Toddler Sleep, Eating Problems, Often Go Together

2.00 to read

So-called behavioral insomnia, where a young child regularly resists bedtime or has trouble staying asleep, is common -- seen in up to 30 percent of children between the ages of 6 months and 3 years.

A similar percentage have problems at mealtime, ranging from being an overly "fussy" eater to having a full-fledged "feeding disorder" - in which, for instance, parents can't get their child to follow any regular eating schedule, or the food refusal affects a child's weight.

It might not be surprising to many parents that sleeping and eating issues often go hand-in-hand. But the new study, published in the journal Pediatrics, is the first to show this may be true.

Among parents of 681 healthy kids 6 months to 3 years old, Israeli researchers found that those whose child had behavioral insomnia were more likely than other parents to say their child had eating issues as well.

And parents whose children were diagnosed with a feeding disorder were more likely to say they had trouble getting their child to sleep at night.

When asked if mealtime was a "problem," one-quarter of parents of children with insomnia said that it was; that compared with nine percent of other parents.

Similarly, 37 percent of parents whose children had an eating problem said that sleep was also an issue. In contrast, only 16 percent of other parents said the same.

Young children's eating and sleeping habits are the two most common concerns parents bring to their pediatricians, write the researchers, led by Dr. Riva Tauman of Tel Aviv Medical Center.

The current findings, they say, suggest that doctors should be aware that the two issues commonly go together, and help parents find ways to manage both.

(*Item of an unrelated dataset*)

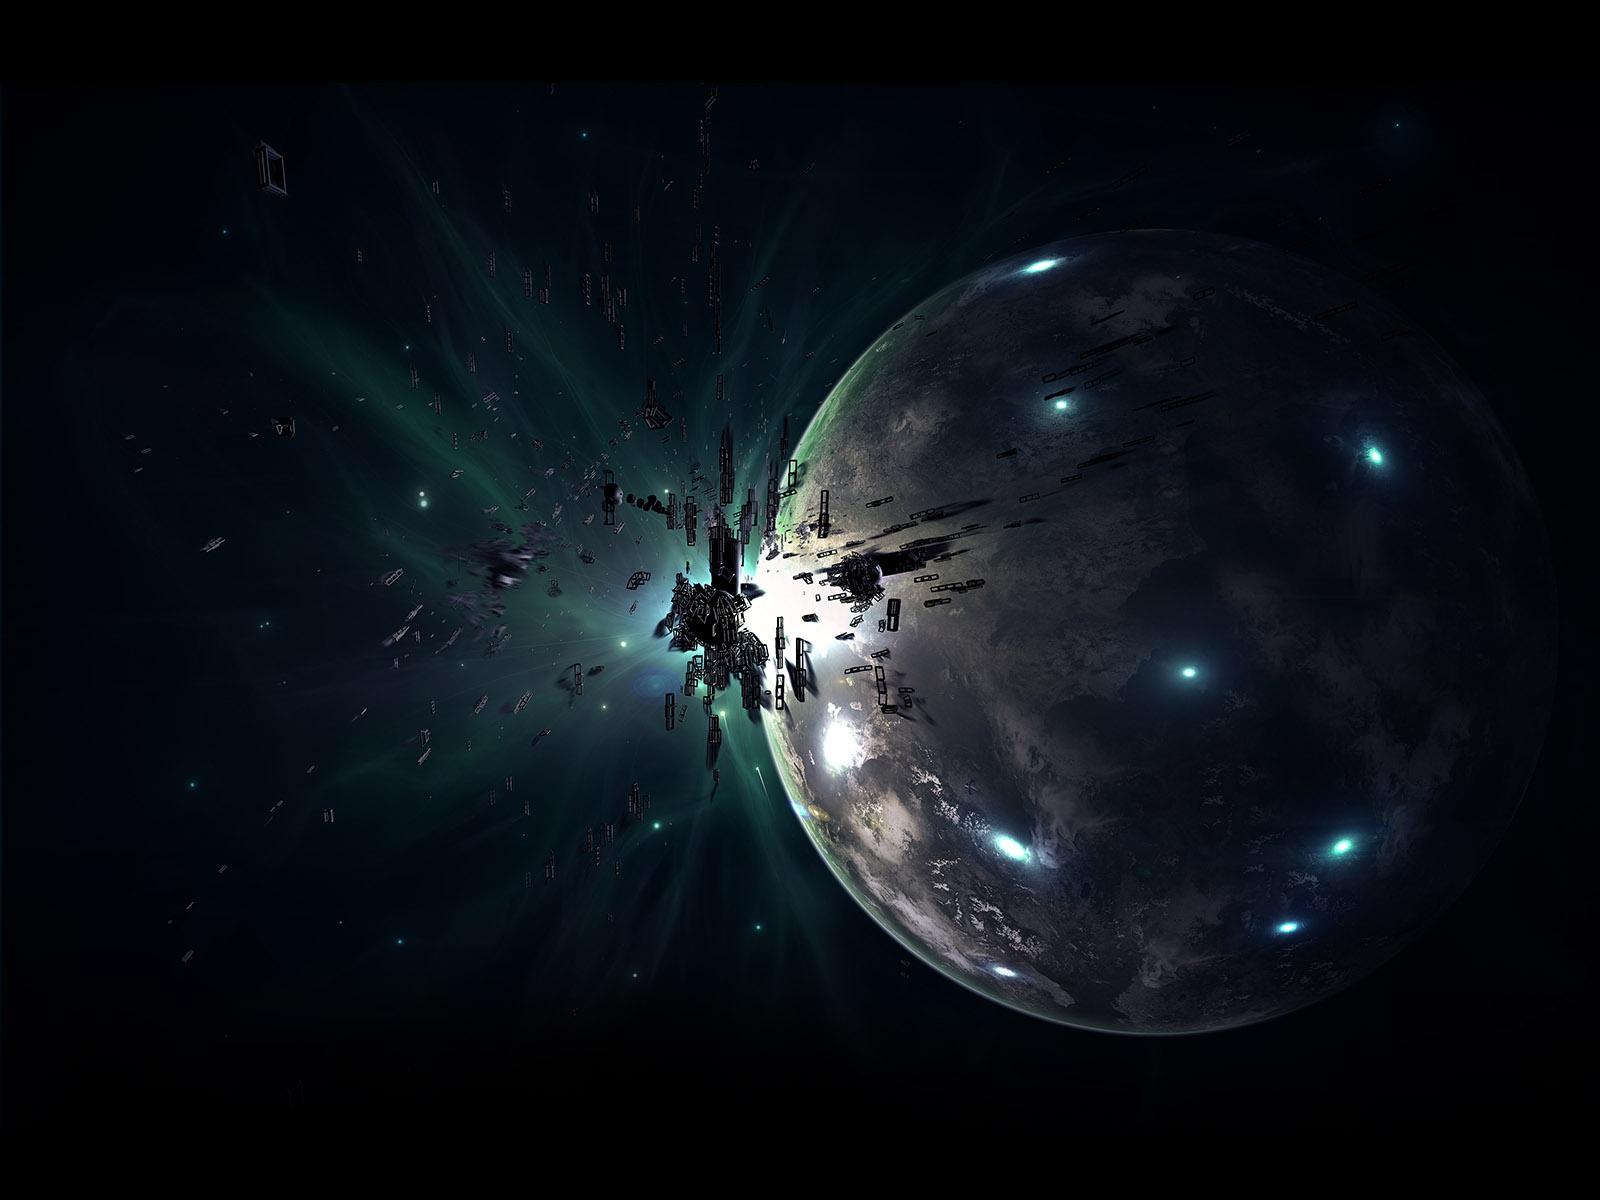 Digital Universe 12   Space Photography Desktop Wallpapers 1132 1600x1200

The standard way to address behavioral insomnia is for parents to change their children's nighttime routine. That usually means setting a regular bedtime and certain rituals, like reading a story, that let a young child know bedtime is coming.

With eating problems, experts generally suggest that parents try to get kids interested in mealtime from an early age -- gradually introducing a variety of healthy, colorful foods, for instance, and making the eating environment pleasant but without any distractions like TV.

The current findings are based on 58 children who had been diagnosed with behavioral insomnia, 76 with a feeding disorder, and 547 who were studied for comparison.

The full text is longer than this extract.